**SUPPLIED MATERIAL**
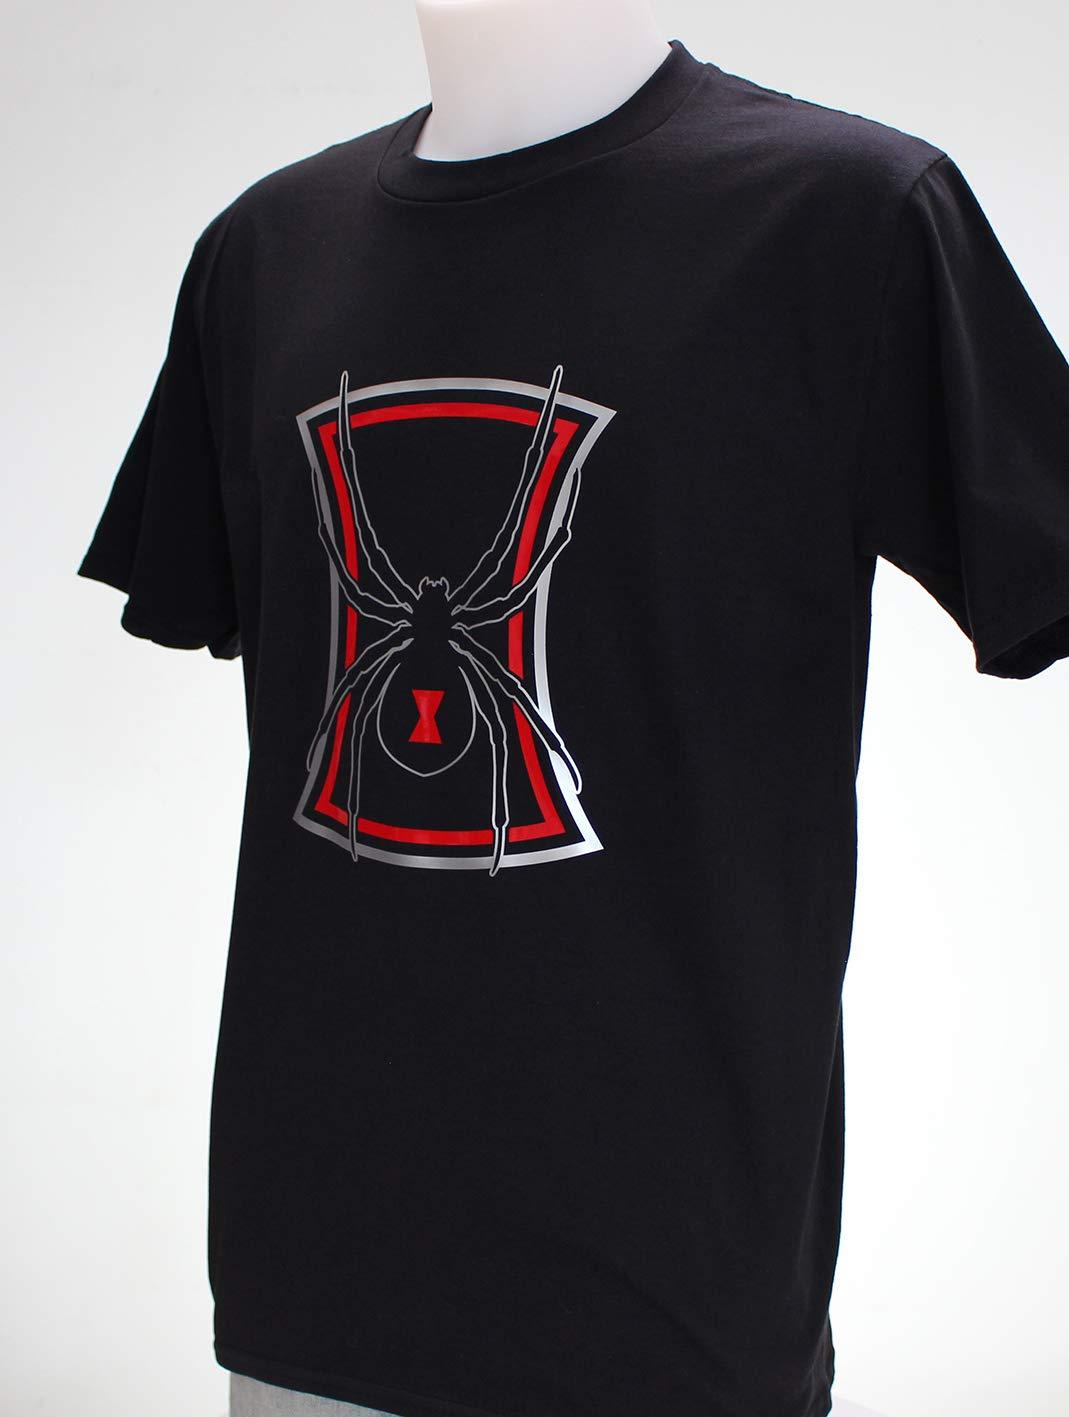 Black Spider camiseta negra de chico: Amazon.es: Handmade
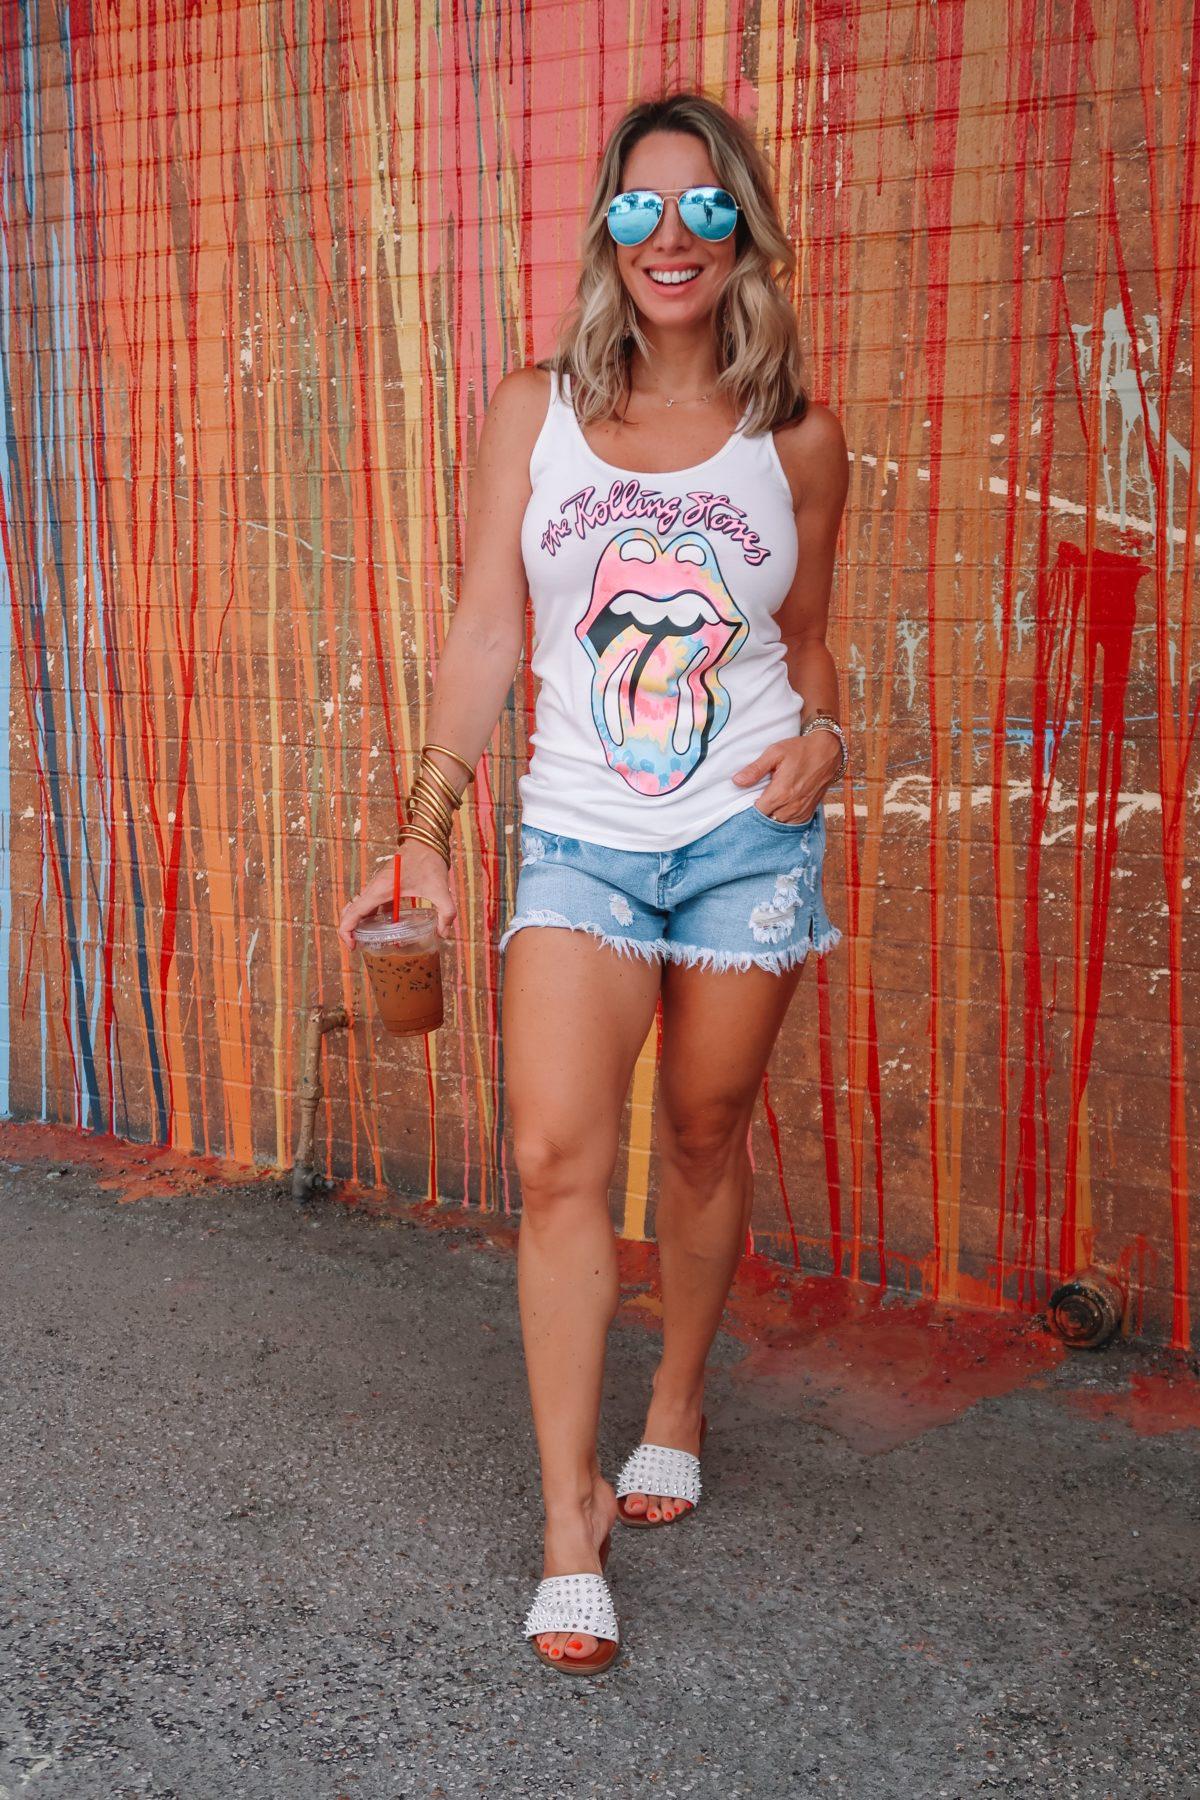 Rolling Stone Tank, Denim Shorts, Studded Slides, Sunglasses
--
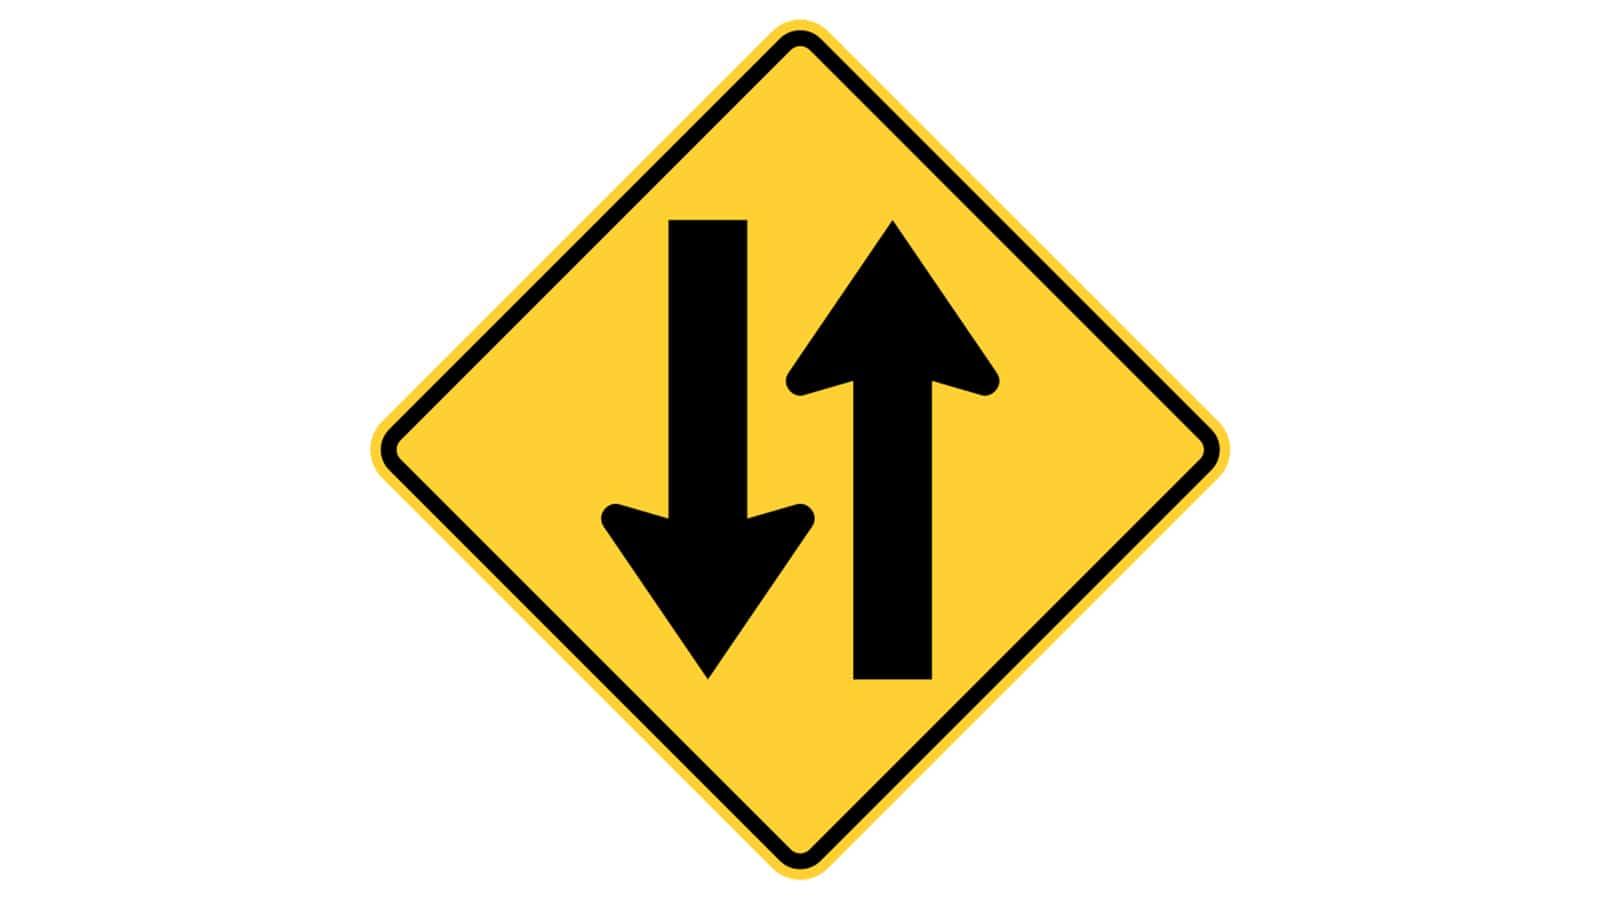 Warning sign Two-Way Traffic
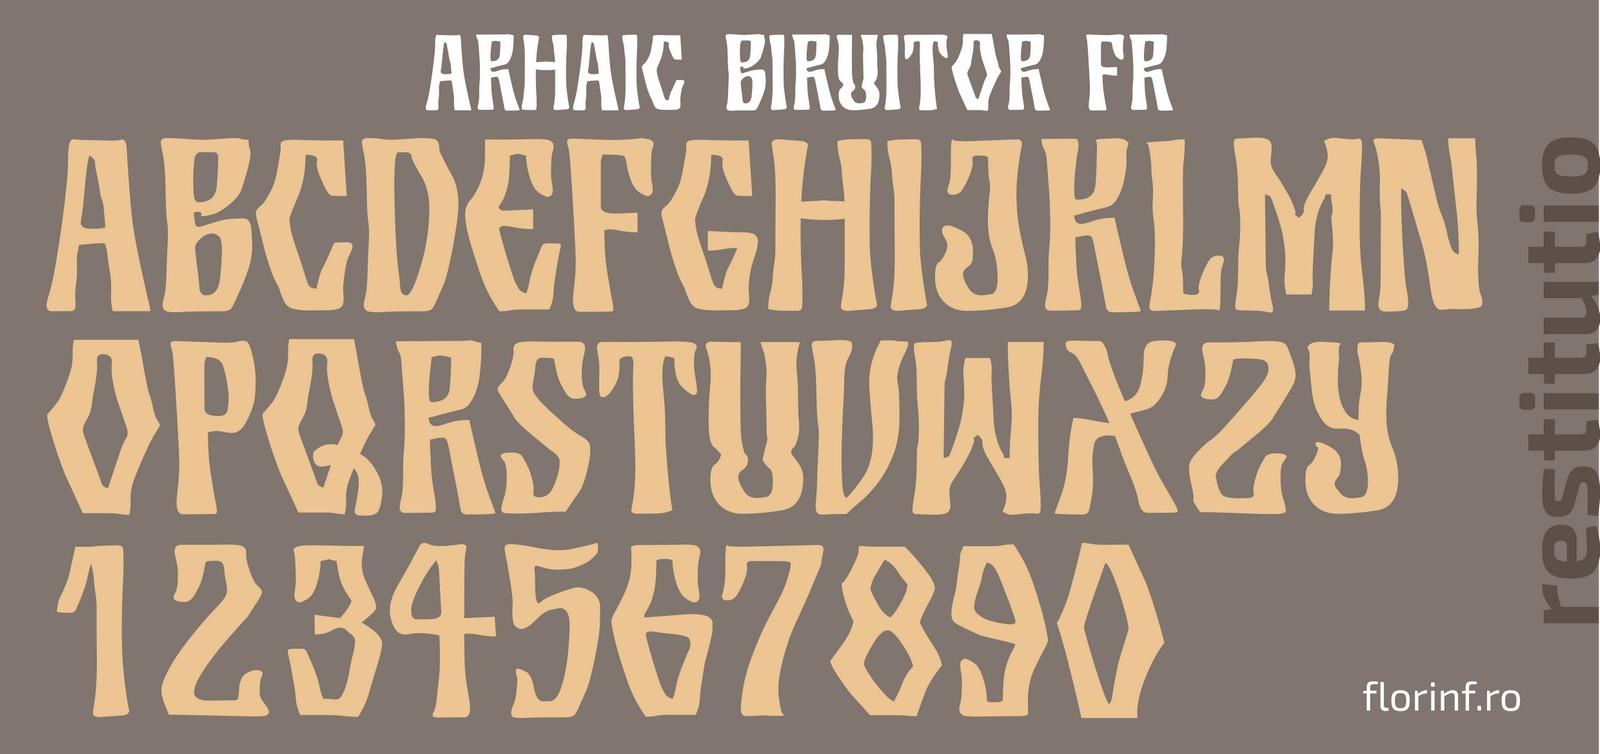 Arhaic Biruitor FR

**TASK ITEM**
Within the material above, only the stretch from the line holding "Black Spider camiseta" through the line holding "Rolling Stone Tank, Denim" is to be restated exactly. Pictures are dropped.

**FINISHED EXERCISE**
 Black Spider camiseta negra de chico: Amazon.es: Handmade
 Rolling Stone Tank, Denim Shorts, Studded Slides, Sunglasses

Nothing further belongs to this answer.